Kaiser, J. F.; de Silva, S.; Schmitt, A. K.; Economos, R.; and Sunagua, M. 2017. Million-year melt–presence in monotonous intermediate magma for a volcanic–plutonic assemblage in the Central Andes: contrasting histories of crystal-rich and crystal-poor super-sized silicic magmas. Earth and Planetary Science Letters, 457: 73-86.

Salisbury, M. J.; Jicha, B. R.; de Silva, S. L.; Singer, B. S.; Jiménez, and others. 2011. 40Ar/39Ar chronostratigraphy of Altiplano-Puna volcanic complex ignimbrites reveals the development of a major magmatic province. Bulletin, 123(5-6): 821-840.

de Silva, S. L.; Self, S.; Francis, P. W.; Drake, R. E.; and Carlos, R. R. 1994. Effusive silicic volcanism in the Central Andes: The Chao dacite and other young lavas of the Altiplano‐Puna Volcanic Complex. Journal of Geophysical Research: Solid Earth, 99(B9): 17805-17825.

de Silva, S.; Zandt, G.; Trumbull, R.; Viramonte, J. G.; and others. 2006. Large ignimbrite eruptions and volcano-tectonic depressions in the Central Andes: a thermomechanical perspective. Geological society, London, special publications, 269(1): 47-63.
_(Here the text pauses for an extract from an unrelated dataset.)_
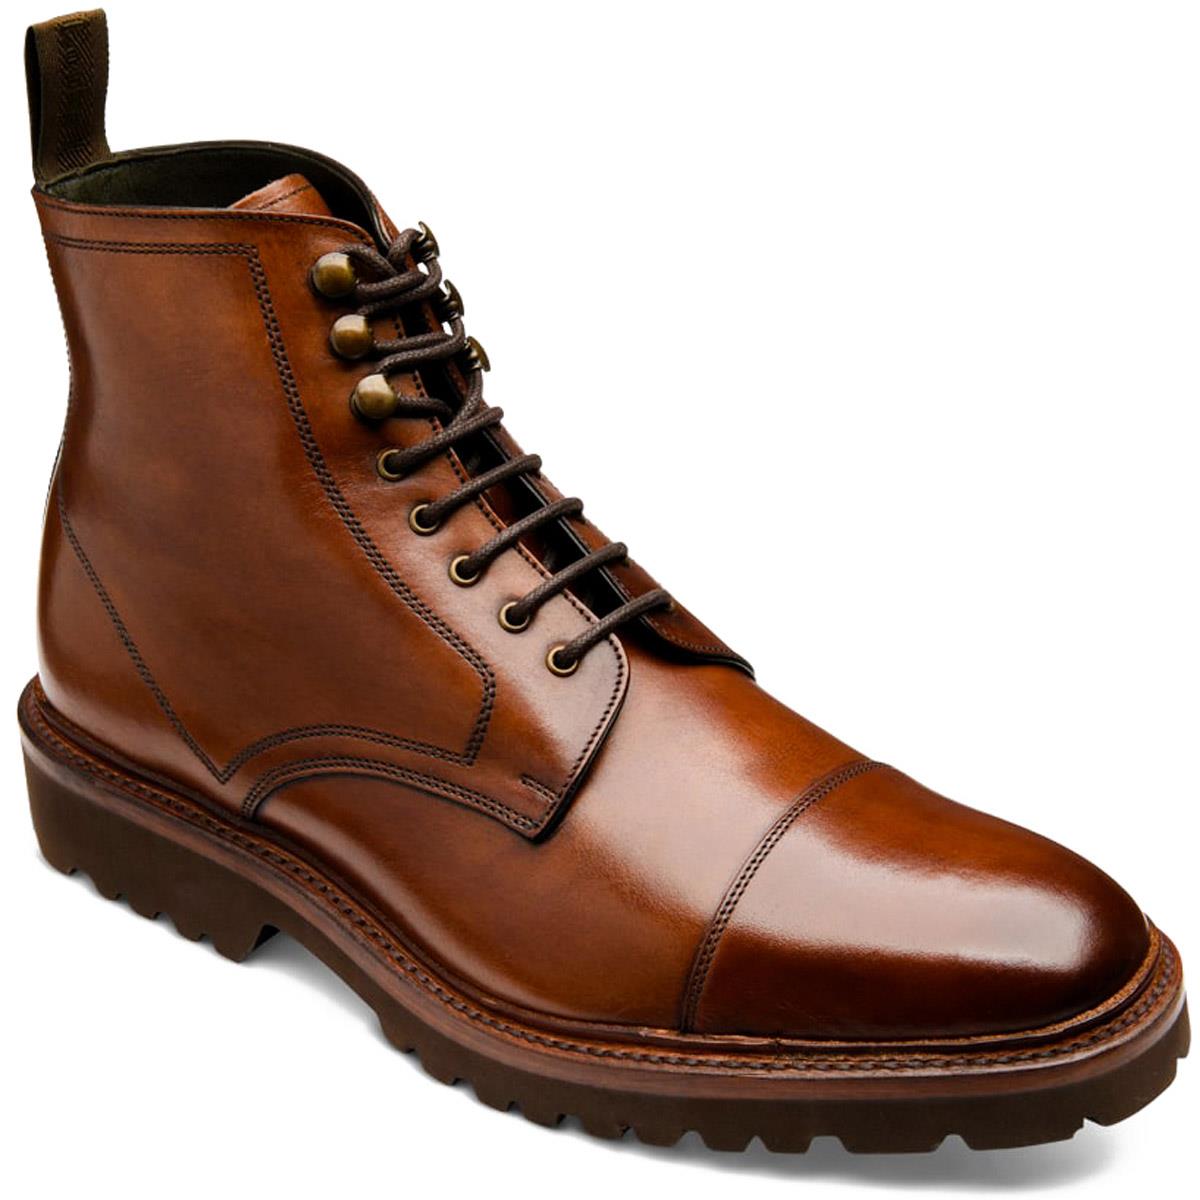 Will a G width on the Loake Mens Aquarius Boots be too wide for me if I usually wear an F fitting?

de Silva, S. L., and Gosnold, W. D. 2007. Episodic construction of batholiths: Insights from the spatiotemporal development of an ignimbrite flare-up. Journal of Volcanology and Geothermal Research, 167(1-4): 320-335.

Watts, R. B.; de Silva, S. L.; de Rios, G. J.; and Croudace, I. 1999. Effusive eruption of viscous silicic magma triggered and driven by recharge: a case study of the Cerro Chascon-Runtu Jarita Dome Complex in Southwest Bolivia. Bulletin of Volcanology, 61(4): 241-264.